Songs that people will pray to

Pop music obscurantism is a confusing concept. At one point, the obscurantist wishes that less informed music fans would dig a little deeper and tune in more to his underappreciated music, say, music from little known bands like The Velvet Underground or Television. (Well, in this post-Franz Ferdinand, MP3-downloading world, thankfully, kids raised on consumerist-era MTV are unearthing more hidden vaults of seminal music.) However, in the same vein, the obscurantist is raring to protect his desert-island David Bowie song from reaching the mainstream consciousness; he is peeved at the thought that some pretentious, Taglish-speaking emo kid not worthy of David Bowie will one day namedrop "Hunky Dory" in order to impress a gaggle of pretty Mariah Carey-listening college girls. Or worse, his song might be played on Eat Bulaga!

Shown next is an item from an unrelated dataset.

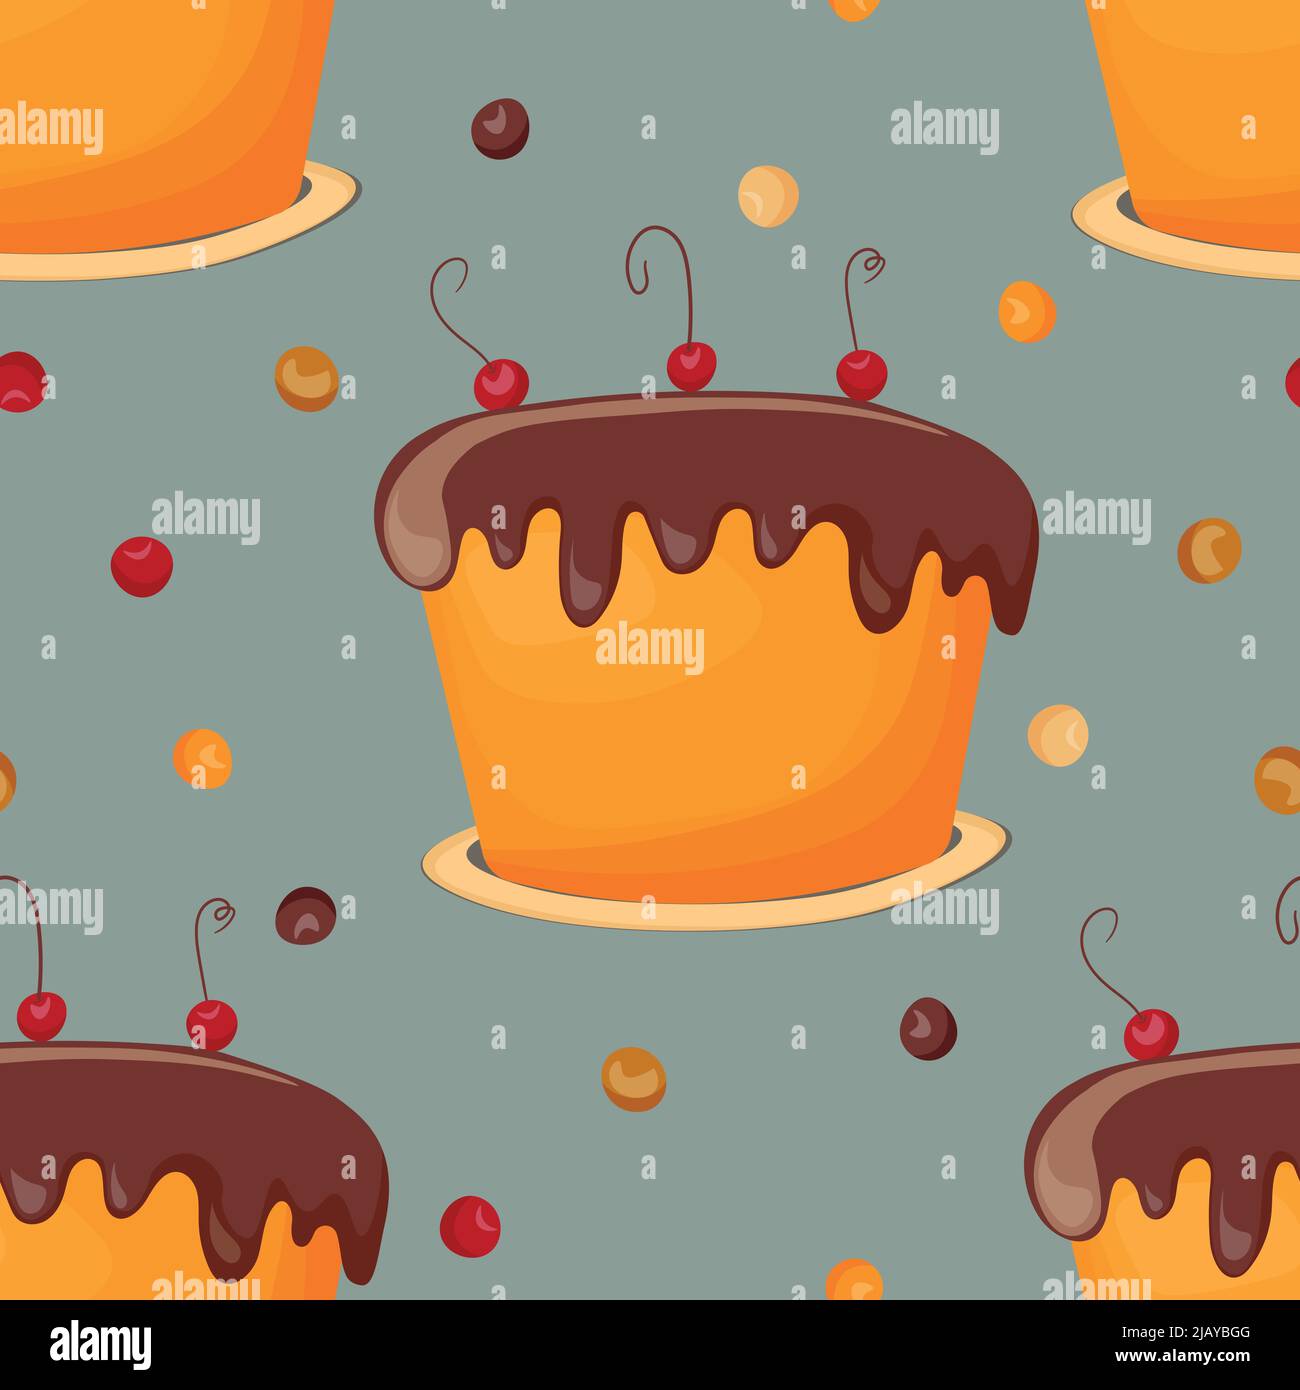 Holiday cooking seamless pattern. Cupcake, cake, sweet pastry, cupcake with colored icing and colorful details. Food concept. Realistic vector Stock Vector
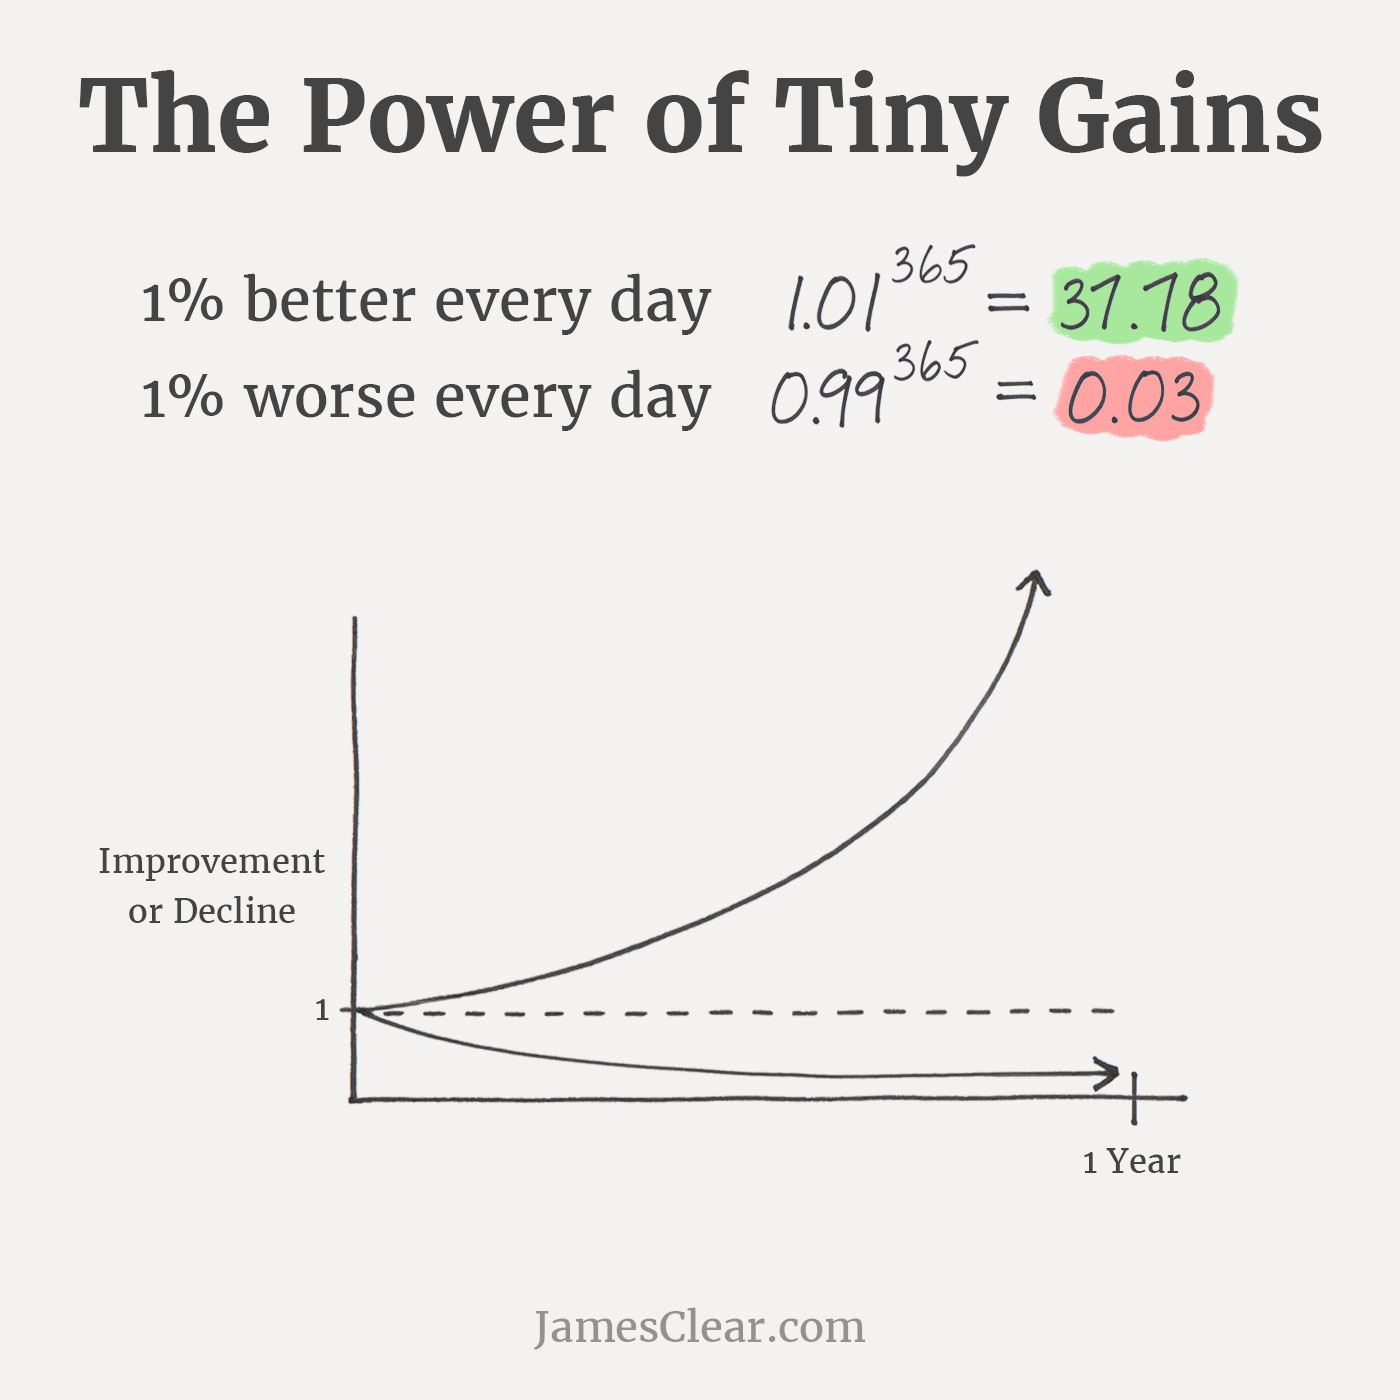 /images/tiny-gains-graph.jpg

I feel the same ambiguity towards The Beach Boys’ "Pet Sounds." On some days, I wish that more people would listen to this terribly underrated album and head out to the nearest Tower Records outlet and snatch a copy of their own, granted, of course, that Tower Records actually have it on their shelves. On some days, however, I feel selfish, and I just want to bury the album in some underground cave somewhere, and pretend that I’m the only existing person who ever listened to it. Well, of course, that wouldn’t be possible. Pet Sounds has inspired millions of musicians like Paul McCartney, Elvis Costello, Matthew Sweet, Of Montreal’s Kevin Barnes, and surprisingly, some stalwarts in our local music scene such as The Itchyworms’ Jugs Jugueta and Jazz Nicolas, and Ciudad’s Mikey Amistoso, all self-confessed Brian Wilson fans.

A few days ago, I finished a book called Wouldn’t It Be Nice: Brian Wilson and the Making of the Beach Boys’ Pet Sounds. Having been devoted to The Beach Boys’ music since high school, the book, truthfully, and this is not payola talking, is an enchanting read. The writer Charles L. Granata cleverly courses through the Beach Boys’ life story with out the luridness of an E! True Hollywood Stories episode; Granata plots their musical evolution intelligently with the integrity of a responsible journalist and the sincerity of a die-hard fan.

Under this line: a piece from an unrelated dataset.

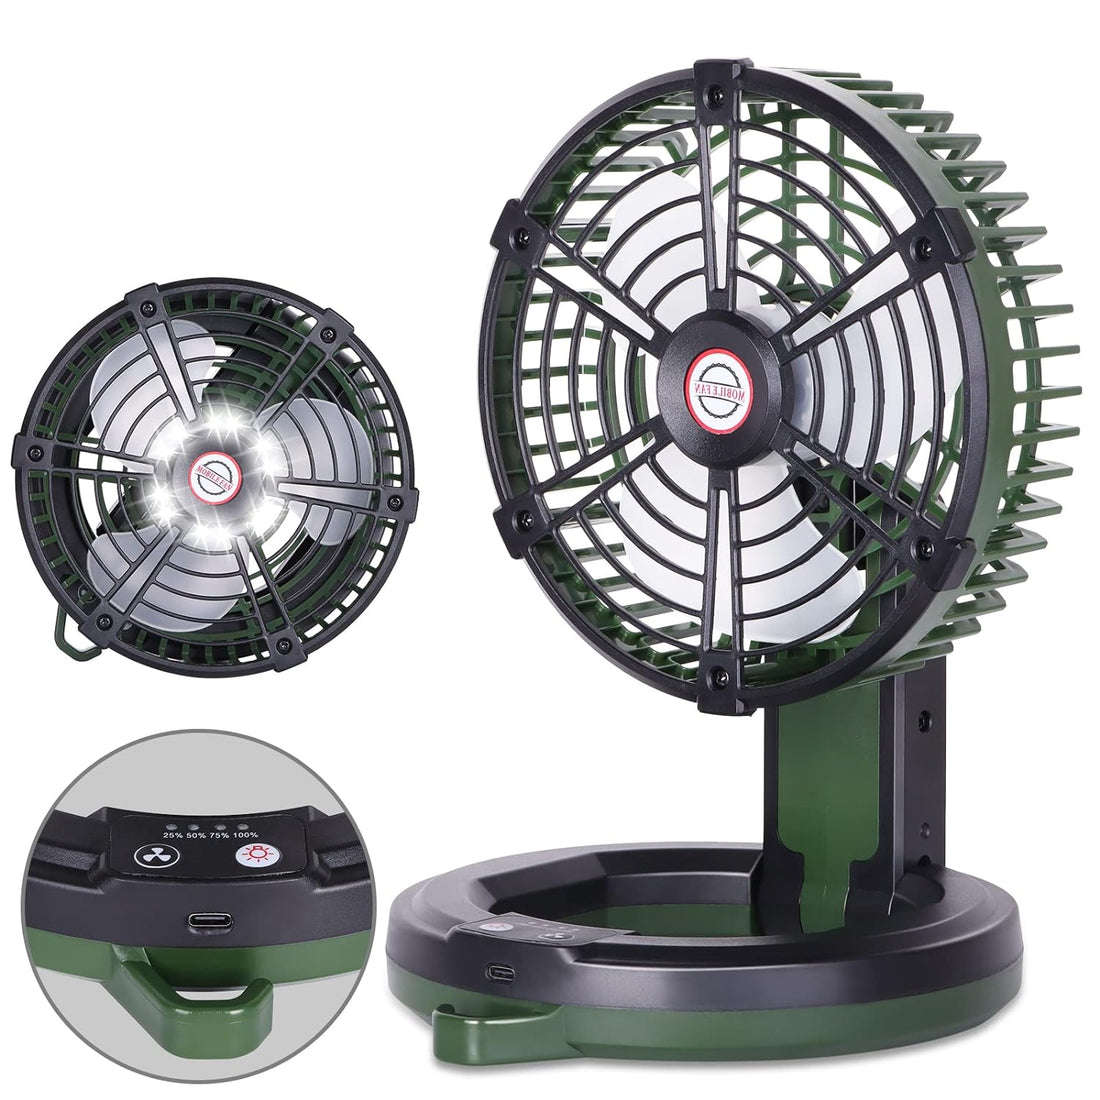 TDLOL Camping Fans Portable Rechargeable Fan with LED Lantern,5200mAh Portable Camping Fan Rechargeable,Up to 25 hours,Personal Desk Tent Fan for Office,Home, Green X90…

Granata starts from their early days as the teeny-bopper, sunshine-and-surfboard band to the Wilson’s eventual downward spiral into amphetamines and Charles Manson-inspired mayhem. The anecdotes are funny, too. My personal favorite is when a young, barely-in-his-teens Brian Wilson sneaks into the offices of one of LA’s biggest recording companies and impresses a crowd of executives when he sings all four or five singing parts of a Four Freshmen song that he memorized by heart. Trailing just short behind this is an episode where Brian Wilson requests that a horse be dragged into the recording booth, photographed and be served as their album cover! The Wilsons’ story never runs out of eccentricity.

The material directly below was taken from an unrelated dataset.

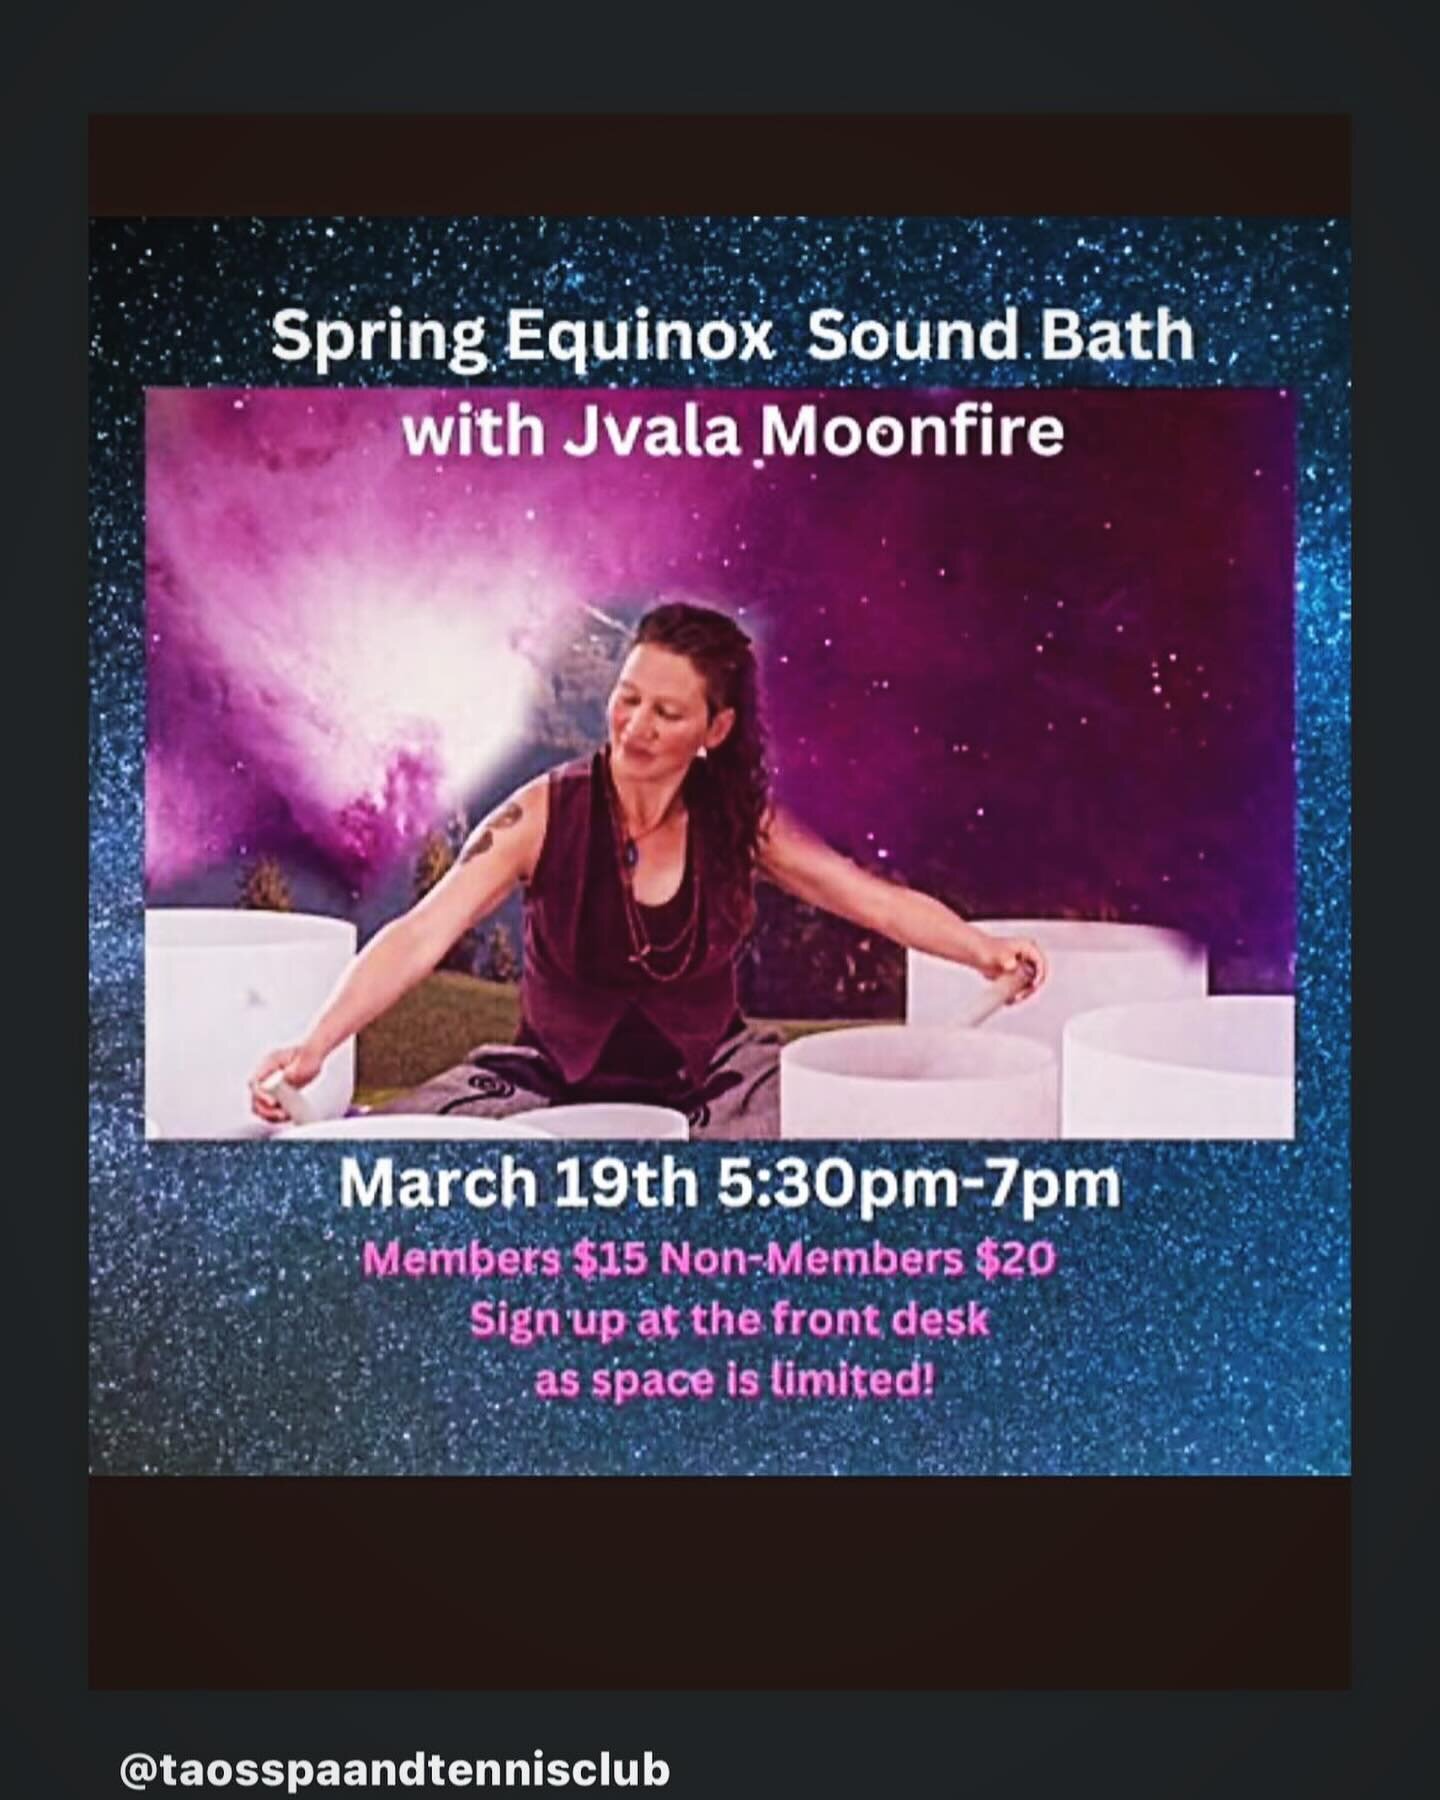 Come join us on the Equinox for an amazing Sound Bowl Bath. March 19th 5:30-7pm! #taosspaandtennisclub #soundhealing #soundbowls #yoga #taos

For budding producers and sound engineers, there’s a rainforest of insight in several chapters. The credo goes that, not only was Pet Sounds written beautifully, but it was also recorded beautifully. The book proposes that masterful recording techniques were implemented, such as vari-speeding (where film is sped up to send the pitch up one or two notes higher) and Phil Spector’s patent-pending Wall of Sound (where different instruments play the same notes, thereby producing weird electric-guitar/oboe or xylophone/Hammond organ sounds). In a track-by-track analysis, Granata spends a lot of time investigating the song that Paul McCartney deems the most beautifully written song in the world: "God Only Knows." Though God only knows how many movies have used this song (from P.T. Anderson’s ensemble pieces to the exit sequence of Love Actually) and driven it to the ground, I don’t blame him. "God Only Knows," as some other writer once put it, "…is not a song. It’s a living thing."

Legend says that when Brian Wilson was starting his Pet Sounds project, he was in his car, driving on the freeway, with his wife Marilyn. He told his wife, "I am going to write songs that people will pray to."

Thankfully, a growing number of listeners have bowed their heads and blew a subservient amen.